This board is primarily for MNers without children - others are welcome to post but please be respectful

Do you have “alternative milestones”?

51 replies

UnderwaterSpaceCadet · 30/10/2023 23:19

Note: this is posted on the Childfree board and I’m mainly interested in the views of posters who don’t have children

I was reading this article in the Guardian - and it’s interesting, but I don’t know how I feel about the assumption that women, in particular, have to fill their lives with something. Isn’t it enough to just, well, be?

https://www.theguardian.com/lifeandstyle/2023/oct/30/ive-chosen-to-be-child-free-here-is-how-i-plan-to-build-a-life-full-of-joy-and-meaning

OP posts:
Plumbingthedepths · 31/10/2023 01:25

I don't have milestones, I make sure I'm happy and I like my life and I do the things I want to do and I celebrate my achievements but I don't have a life plan, I'm flexible.

Sauerkrautsandwich · 31/10/2023 05:09

Just saw it.
Rather than milestones it's overall goals like travel to certain places(if they would just stop destabilising just when I can finally go🙄), early retirement somewhere nice and overall happiness /content wifh my life.

It is absolutely enough to "just be". For some the "just be" is the part of why they are childfree. No pressures of time line of things that should happen.

NunsKnickers · 31/10/2023 06:37

I read that article yesterday. Or at least I started to read it but found it so irritating and patronising that I gave up.

I do not need to fill my life with alternative milestones, things to stop me being bored or new friends who are only friends because they are also childfree.

The article confirms some of the false beliefs you read on here, that our lives are empty and somehow wrong and incomplete so need special planning.

A lost opportunity to discuss the lives of childfree people.

Sauerkrautsandwich · 31/10/2023 06:39

I think it's case of FOMO in some way from the writer.
If one really is content with being childfree I don't think they would try to replicate life with children based on parental/child milestones basically...

musixa · 31/10/2023 06:52

Interesting article.

If it works for the writer, great, but it's not something I feel the need to do.

The 'life is long' comment - well, so it is for parents, if they are relying on their children's milestones to get them through life, what do they do when their children have passed them all?

Travelling, educating yourself, celebrating birthdays and expanding your friendship circle - all things that might bring enjoyment, but I don't feel the need to make a tick-list of them; if it feels right to do them, then I will.

The parent's quote about getting excited over the tooth fairy, going to Peppa Pig World etc. - that kind of thing washes over me, because I can't imagine myself ever getting excited on a child's behalf by that kind of thing. The loss of my first tooth was quite a scary experience for me and not one I have a desire to relive, and Peppa Pig World - just no 😃

But good to see a child free woman being given space in The Guardian - it's all steps towards the normalisation of the childfree state, even if in the current world the author has to write from the position of an 'other' to be accessible.

thedevilinablackdress · 31/10/2023 07:41

I agree, the article really didn't resonate with me. I am enough as I am, and have never thought I needed to make a special effort to fill my life because I'm not a parent. But I suspect the writer might have the same sort anxiety about their life whether they had children or not.

UnderwaterSpaceCadet · 31/10/2023 08:02

I think you’ve all articulated what I was thinking about the article. And I completely agree with this

But I suspect the writer might have the same sort anxiety about their life whether they had children or not.
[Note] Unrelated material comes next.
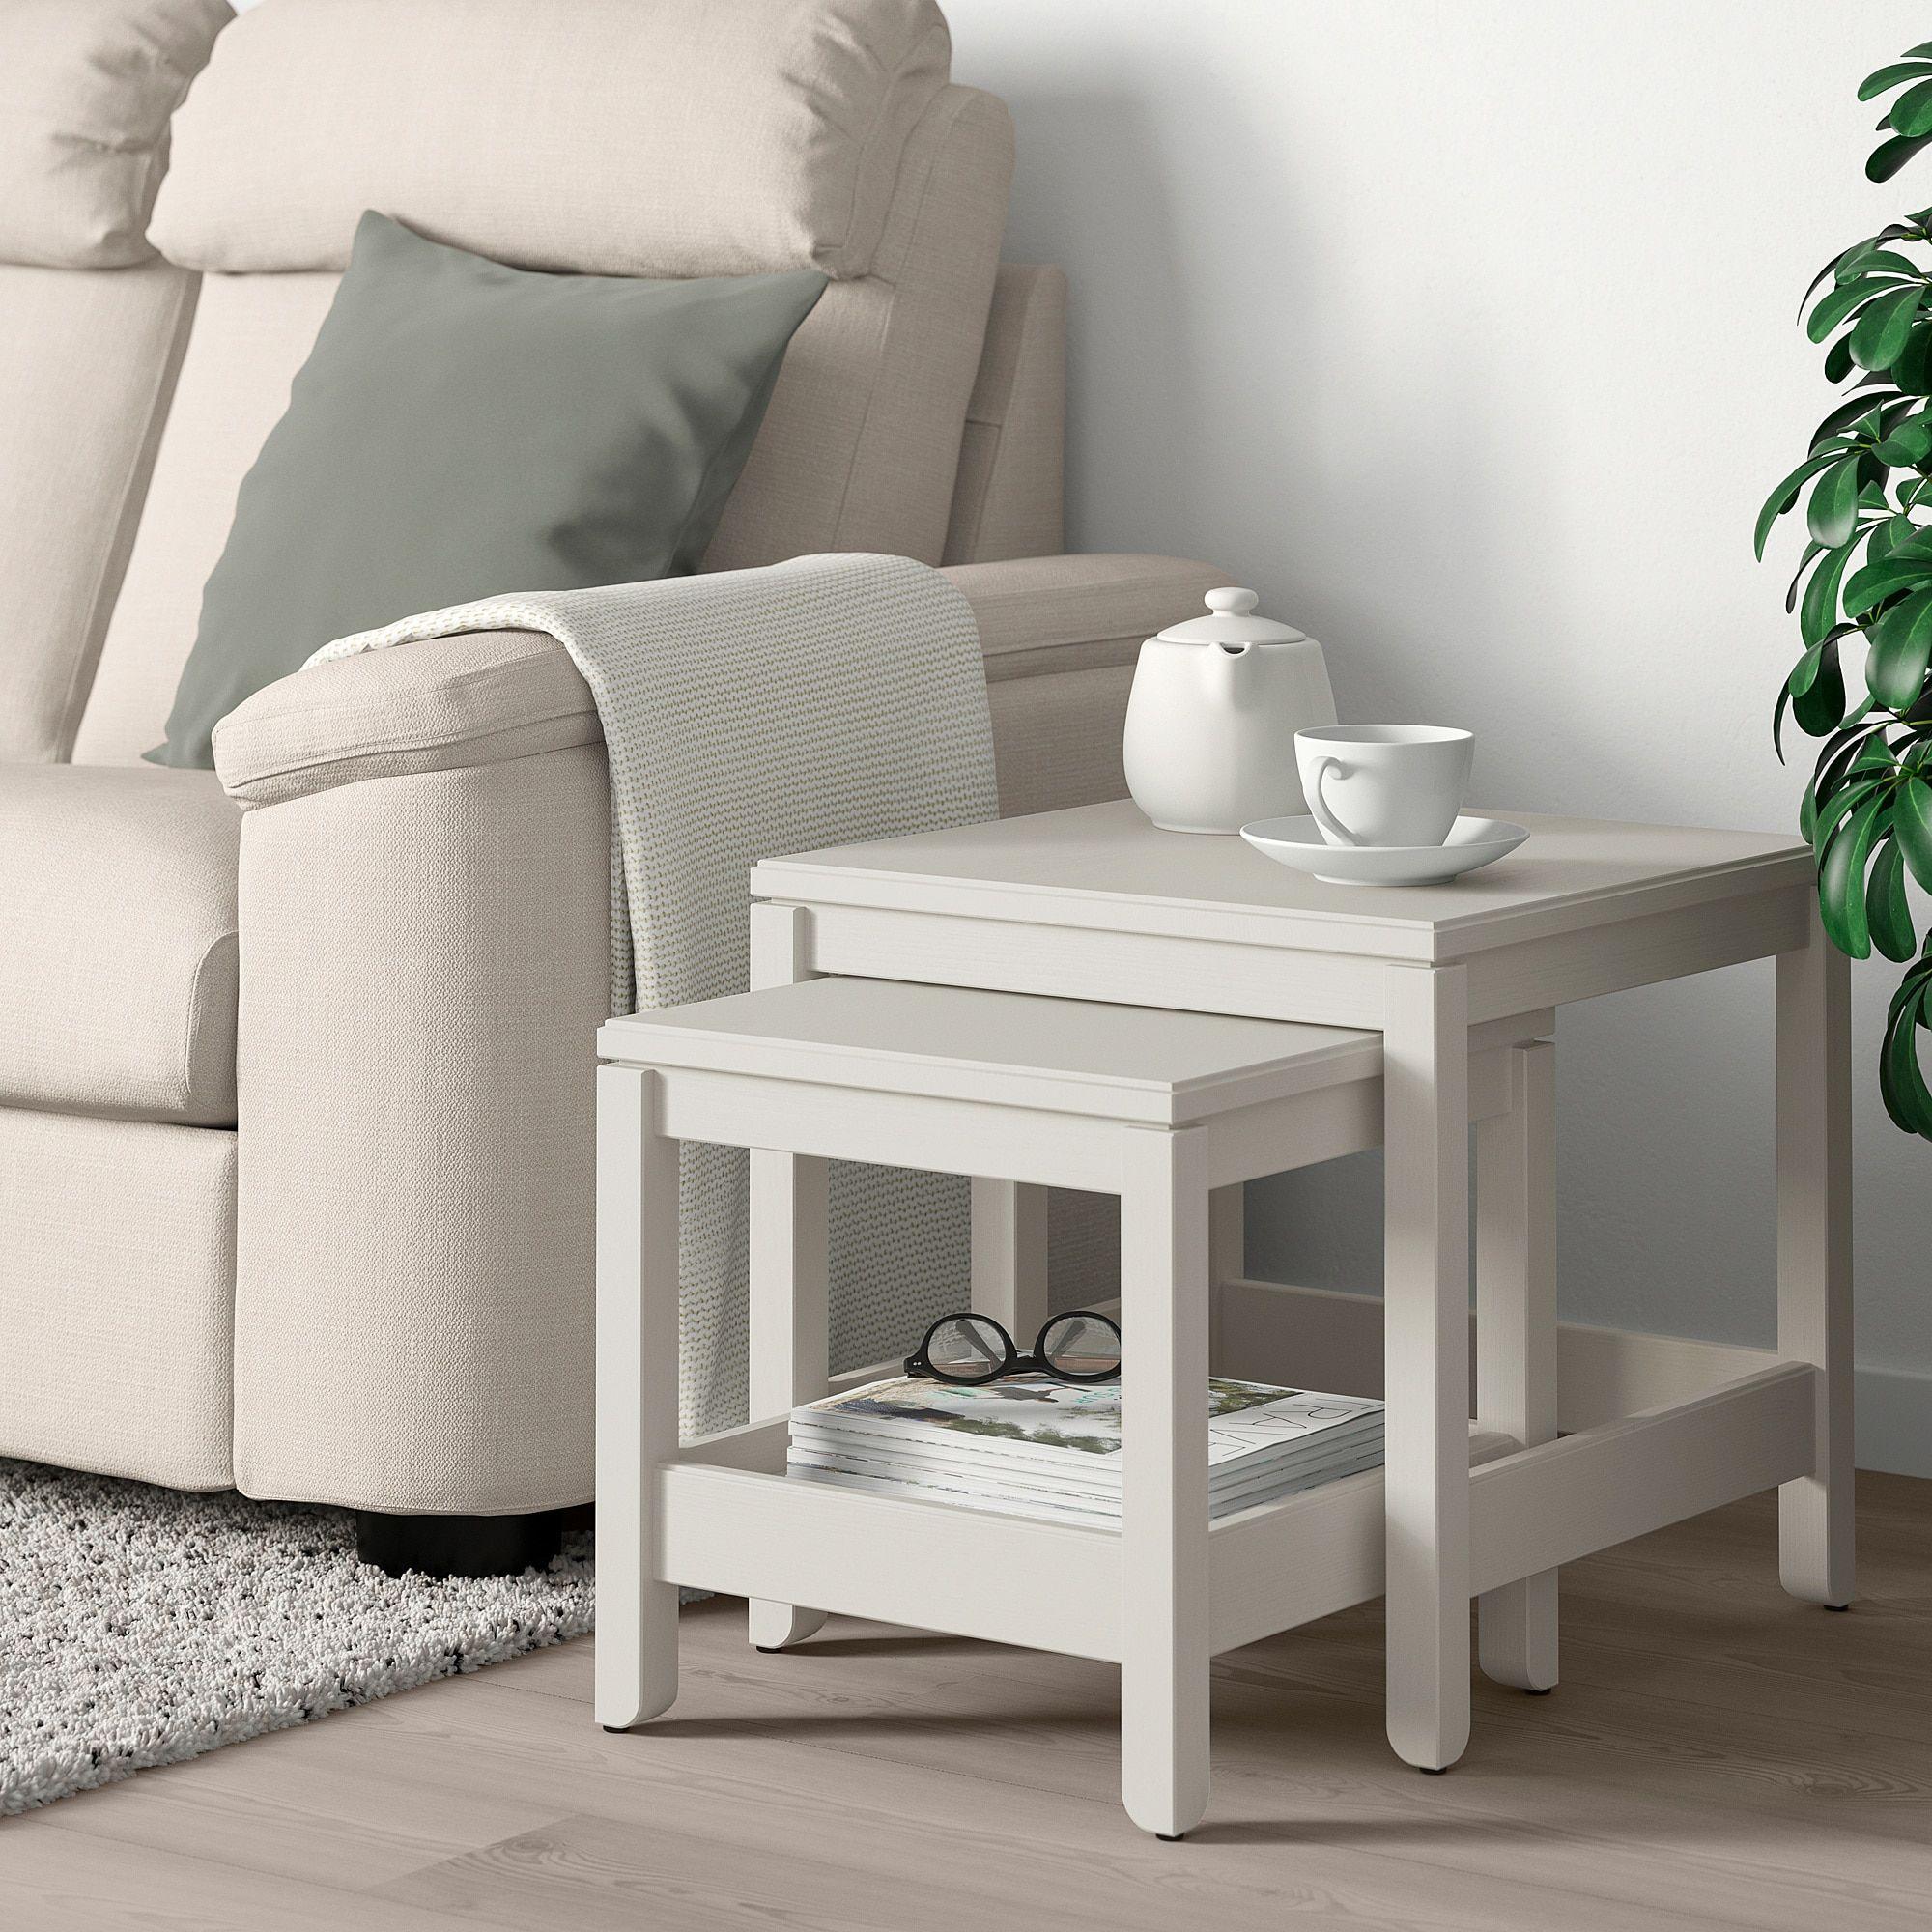 Ikea Havsta Nesting Tables Set Of 2 White In 2019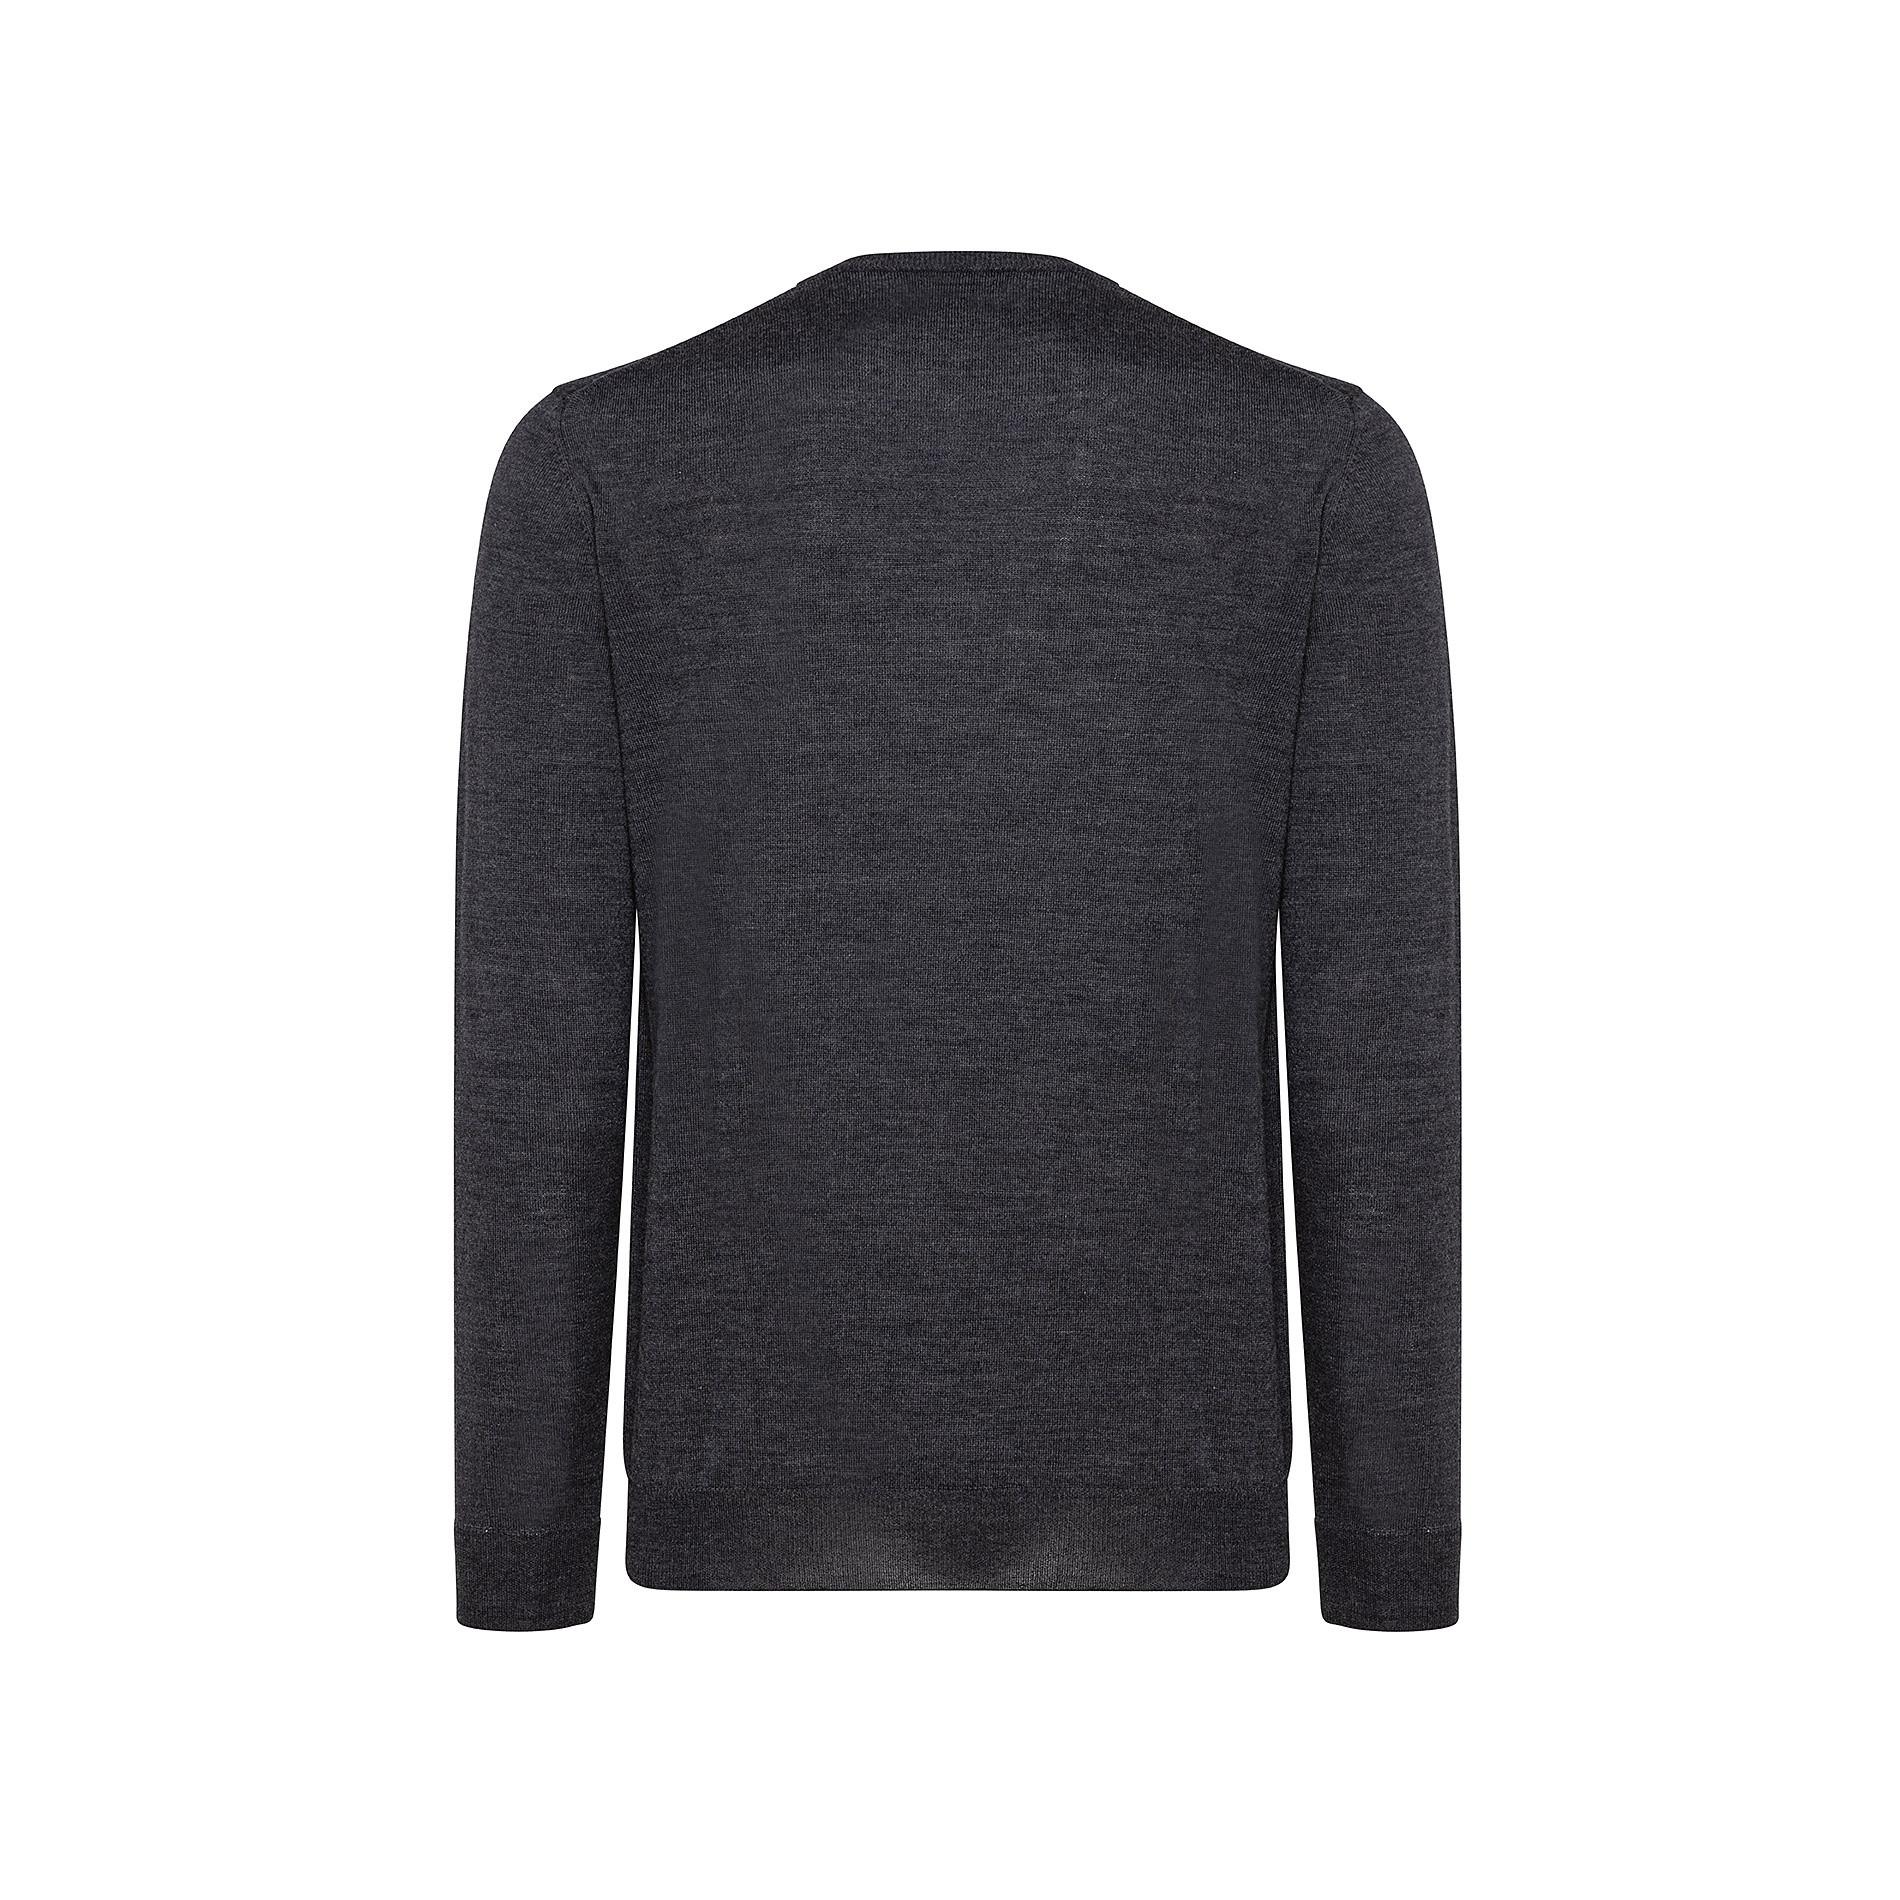 Pullover girocollo lana merinos extrafine, Grigio chiaro, large image number 1

It does seem more like the writer is going through some kind of existential questioning / FOMO

I do wonder whether most parents really have the deep joy in things like Peppa Pig World that she seems to think they do. It’s not some thing I’ve ever heard friends of mine with children praise.

OP posts:
MrsDanversGlidesAgain · 31/10/2023 08:07

I have things I'd like to do but I don't regard them as milestones to be ticked off and sweated about. In my copy of the Daily Stoic, there is an entry about the circle of control- what's in it and what isn't; and what is in it is your mind. Nothing else. At the end it says 'when everyone else is running around with a list of responsibilities a mile long you've just got that one item list.'

I don't buy into this idea that CF people -and let's face it, that means women - have to justify their existence by good works and meaningful experiences to fill their otherwise empty and meaningless lives because I don't see my life like that. If you can and you want to, fine. Stoicism says that' you have two essential tasks in life - to be a good person and to pursue an occupation that you love. Everything else is a waste of energy and a squandering of potential.'

That's quite enough to be going on with.

MrsDanversGlidesAgain · 31/10/2023 08:11

I don't have milestones, I make sure I'm happy and I like my life and I do the things I want to do and I celebrate my achievements but I don't have a life plan, I'm flexible

I was thinking the other day that I've never really had plans - career plans, what I want to have done by the time I'm 40 plans, things I must do and see before I die plans. Like you, I'm flexible. I find that that way you don't get thrown off course by events because you never really had a course in the first place. 😆

SoRainbowRhythms · 31/10/2023 08:13

I have definitely bimbled through life without plans - but I think this would have been the case even without choosing not to have kids!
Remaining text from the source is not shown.